Naquela direção, a menos de seis ou sete noites de percurso, encontra-se Eutárpia. Não sendo metrópole, tampouco um vilarejo, a cidade é do tamanho do que dela o viajante enxerga de ruas, vielas, esquinas e ladeiras. Com um pouco mais de atenção, quem chega à Eutárpia vê que a arquitetura possui algo de temporário e o clima entre os moradores guarda um ar de contemplativa ansiedade.
Aos primeiros dias da terceira estação do ano, os mais antigos saem às varandas e olham o céu, enquanto os mais jovens, como é de se esperar, relutam a se entregar à nova rotina do que a torna outra cidade. É quando Eutárpia celebra a cheia das águas. Não é preciso uma longa temporada de chuvas para dar início ao fenômeno; há mesmo quem suspeite que os rios é que são reféns do desejo dos nativos e seus ancestrais.
No dia da chuva inaugural, os habitantes deixam as casas, as vendas, os bares e as igrejas e se prostram às margens, cada qual conforme o seu entusiasmo, para testemunhar a cheia. A maioria, claro, abriga-se em casas vizinhas, nos pés dos montes e elevações de Eutárpia. Engana-se o viajante que pensa serem as imposições do fenômeno um lamento. Com menos ingenuidade, é possível perceber que os moradores buscam ali o que a rotina de até então não permitia. Contar histórias, a maioria verídica, as melhores inventadas e fabuladas pela tempestuosa tradição milenar.
É o momento que alguns moradores relembram que, nos primórdios, os nativos de Eutárpia sacralizavam os rios, guardando em jarras de bronze um pouco d’água. Com ela, batizavam os nascidos no ano em curso. Em potes de cerâmica preparavam elixires para dar de beber aos desvalidos de males sem causa, faziam porções para as datas celebrativas de ciclos de vida e de morte. E, se ainda sobrasse água após seus trabalhos, reservavam em garrafas de vidro em local secreto para devolvê-la ao rio na próxima estação das cheias. Assim a esperança de que ele nunca cessasse.

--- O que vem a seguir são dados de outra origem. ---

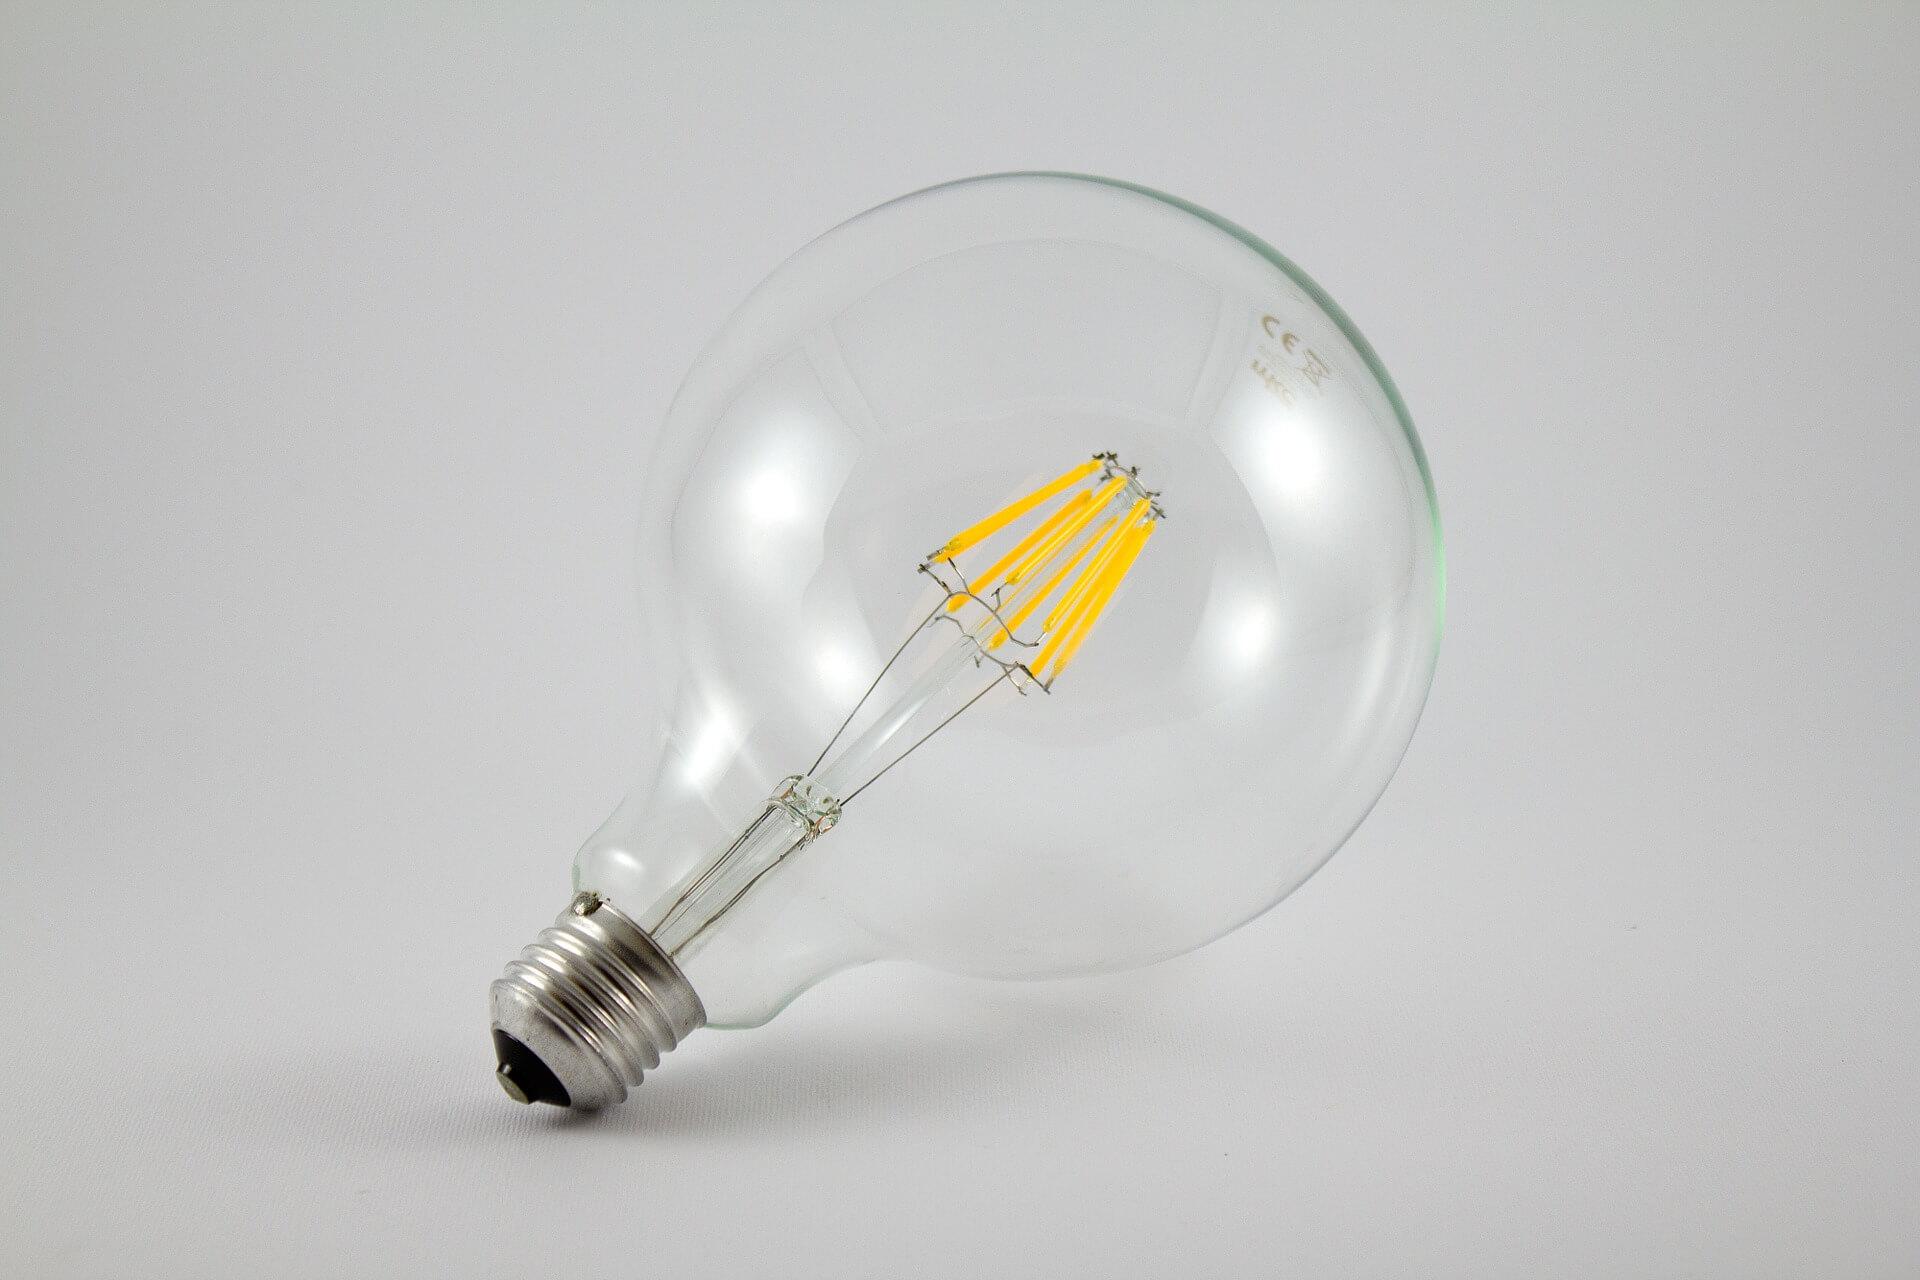 Ledlampen voordelen op een rijtje

As cheias convidam também a empreitadas mais profanas. Não é de se estranhar banhos nus nos dias pesados de chuva, quando os corpos, vistos de longe, são pontos em contato dentro de uma paisagem ousada e indestrutível. Os mais corajosos, ou necessitados, banham-se mesmo às margens rasas, clamando em pensamento que as suaves e espaçadas ondas levem as mágoas, os rancores e as palavras cortantes ouvidas e faladas ainda em lembrança.
Os mais antigos esperam o cair da noite para guardar horas de silêncio, ouvir o incessante passado presente da correnteza, a água lavando as pedras, os trechos de encostas caírem, os troncos abandonados ao leito. Os enfermos tentam a cura de suas chagas, alguns molhando a pele rugosa, outros esfregando a terra molhada sobre as feridas.
As cheias podem sustar o medo dos suicidas. Daqueles que acham indigno se atirar de uma ponte em um rio de leito ainda pobre. É aí que eles abraçam o fim no eterno profundo das águas corrediças.
As lendas não deixam esquecer que as cheias estão numa ficção primeva. Nas enseadas mais mansas, formadas próximas às casas, os meninos seriam grandes navegadores, descobridores de ilhas misteriosas, piratas destemidos. As mulheres pensariam no tempo das rainhas guerreiras e das mães que se reuniam às margens para amenizar tristezas e compartilhar alegrias sobre um filho que parte, sobre um filho que chega. Os velhos, ao contemplar as águas, dizem saudosos do tempo em que disputavam a atenção das moças em provas de travessia livre, saltos ornamentais e longos mergulhos.
Os pequenos remansos formados não muito distante da cidade, em meios às árvores, são o ponto de encontro dos amantes. Ao se aventurarem por ali, os mais audaciosos pedem às jovens que se casem com eles. Se aceitos, seus corpos aos poucos se encaixariam no fundo do barco e ali fariam amor pela primeira ou última vez. Assim, por tudo o que é, que foi e seria, é que Eutárpia continua a deitar-se sob as nuvens, fecundar o vale, acolher as águas em seu corpo e a ser continuamente território das memórias.
Ps.: conto livre e explicitamente inspirado em As cidades invisíveis, de Ítalo Calvino. Já ouvi de mais de um escritor que quem começa a arriscar-se em textos ficcionais tem como opção o exercício de imitar os grandes mestres. O texto acima é uma tentativa dessas.